選択肢をフル活用するミランの知将 ピオリの手腕は逆境のなかで渋く光る

好調ミランを指揮するピオリ監督 photo/Getty Images

どんな状況でも勝ちを拾える集団に

FWズラタン・イブラヒモビッチが離脱すれば、ACミランの勢いは止まる。2020-21シーズンに快進撃を披露するロッソネリに関して、当初はこのような考えを持っていた人も多かったことだろう。2020年冬の移籍市場で復帰して以降、39歳という高齢ながらもチームの中心としてミランを牽引し続ける大ベテラン。とはいえ、彼抜きでの試合となった場合、大きく調子を崩してしまう可能性は常にミランの懸念材料だった。

しかし、そんな心配は杞憂に終わりそうだ。今季、何度かイブラヒモビッチ不在の中で試合をこなしてきたミランだが、今のところそこまで大きな影響は見られない。たしかに攻撃力の低下は垣間見えたものの、当初の予想からすればそれは微々たるものと言えるだろう。
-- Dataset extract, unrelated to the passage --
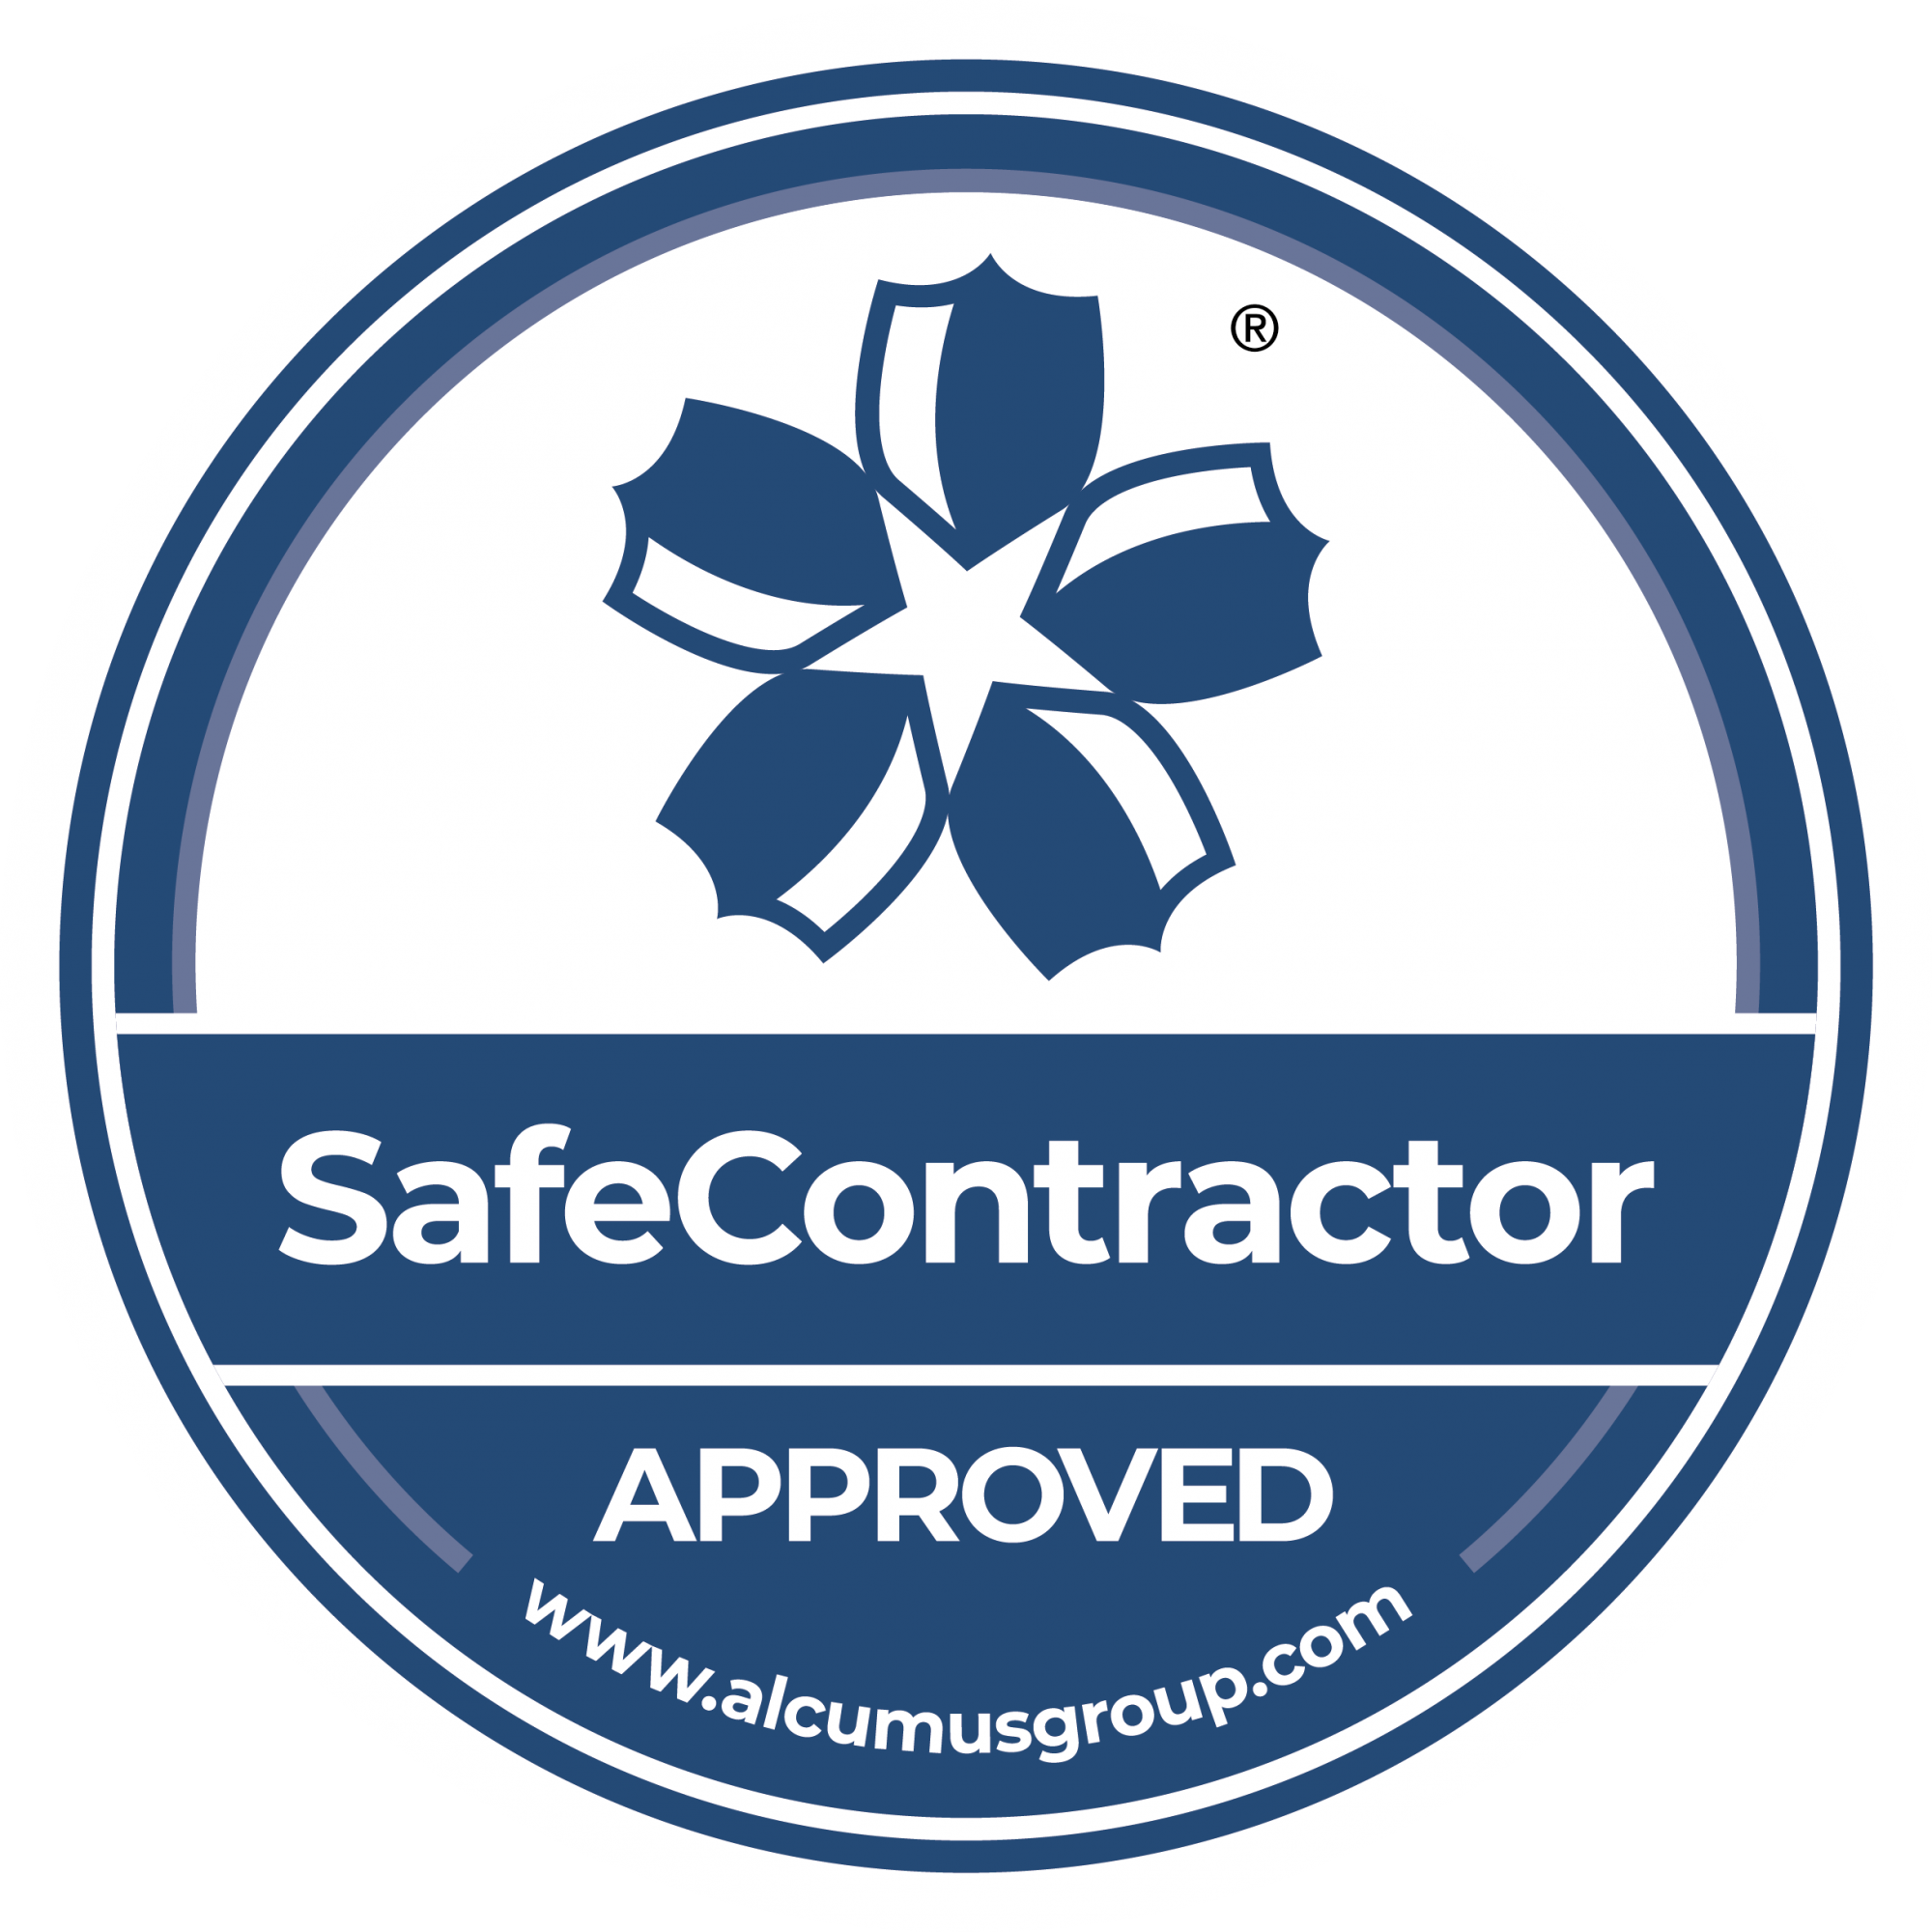 SafeContractor Certificate

代役選手たちの奮闘により、現在のミランはシーズン開幕当初ほど“イブラ依存”と揶揄されることも少なくなった印象だ。イブラヒモビッチを中心としつつも、大ベテランに頼り切りというわけではなくなったミラン。若いチームは今、本当の強さを手に入れようとしている。

そんなミランを作り上げた最大の功労者がステファノ・ピオリ監督だ。同監督はチームづくりをするうえで、これまで徹底したリスクマネジメントを行なってきた。主力が不在の間にどう戦うか。これを常に意識し、指揮官はチーム全体のレベルを底上げすることに成功している。その時々によって失ったピースを補う手腕は、称賛されて然るべきものだろう。周囲の予想通り、今季イブラヒモビッチは何度か戦線を離脱する期間もあったが、ピオリ監督はFWアンテ・レビッチやFWラファエル・レオンのCF起用でエース不在の間を乗り切っている。エースに比べればその存在感はやや見劣りするかもしれないが、そういう状況で勝ち点を拾えたからこそミランは現在もセリエAで首位をキープすることができているのだ。

普段は右SBとしてプレイするカラブリア。敗れこそしたものの、第16節のユヴェントス戦では1得点を挙げるなど守備的MFとして素晴らしいパフォーマンスを披露した photo/Getty Images

手腕が光ったのはイブラの事例以外にも

ピオリ監督の手腕が光ったのは、なにもイブラヒモビッチの代役を見極めたときに限らない。中盤セントラルの位置に欠員が出れば、普段右サイドバックを務めるDFダビデ・カラブリアを登用。チームのチャンスメイクを一手に担うMFハカン・チャルハノールが離脱となれば、レオンやブラヒム・ディアスにトップ下を任せる。代役選手が大活躍とまではいかなかったが、今季ピオリ監督は主力が不在でも大崩れしないチームを作り上げることに成功した。そう言っても差し支えはないだろう。

加えて注目したいのは、不慣れであったり、久しくプレイしていなかったポジションを任された選手がことごとく落ち着いて試合に入れている点だ。これはカラブリアの中盤起用の際に顕著だったことだが、一体なぜ彼らはいきなりのコンバートにうまく対応できたのか。

それは、普段ピオリ監督が選手たちに求める役割を明確に伝えていることが関係しているのだろう。実際、カラブリアはこの一時的なポジション変更について、のちに「ピオリのサッカーは規律が明確だから、少し役割や戦術が変わったところで動きに大きな変化はないのさ。メカニズムさえ理解していれば問題ない」と語っている。どんなときも、チーム全体が共有しているビジョンは変わらない。仕事の内容は違えど、各自自分がすべきことは理解しているというわけだ。選手個々の能力によって多少クオリティに変化はつくものの、代役選手たちのプレイに戸惑いが見えないのはこうした意識の共有がなされている成果と言える。

スカッドに主力が揃った場合にのみ、圧倒的な爆発力を披露するチームというのは少なくない。しかし、今季のミランはピオリ監督の巧みなマネジメントによってそういった“よくあるチーム”の範疇を超える存在になりつつあると言っていいのではないだろうか。まだまだディティールで詰めるべき部分はあるものの、層の厚いチームの原型ができてきたロッソネリ。長かった暗黒時代を乗り越え、ミランは再び長期的な強さを手に入れようとしているのかもしれない。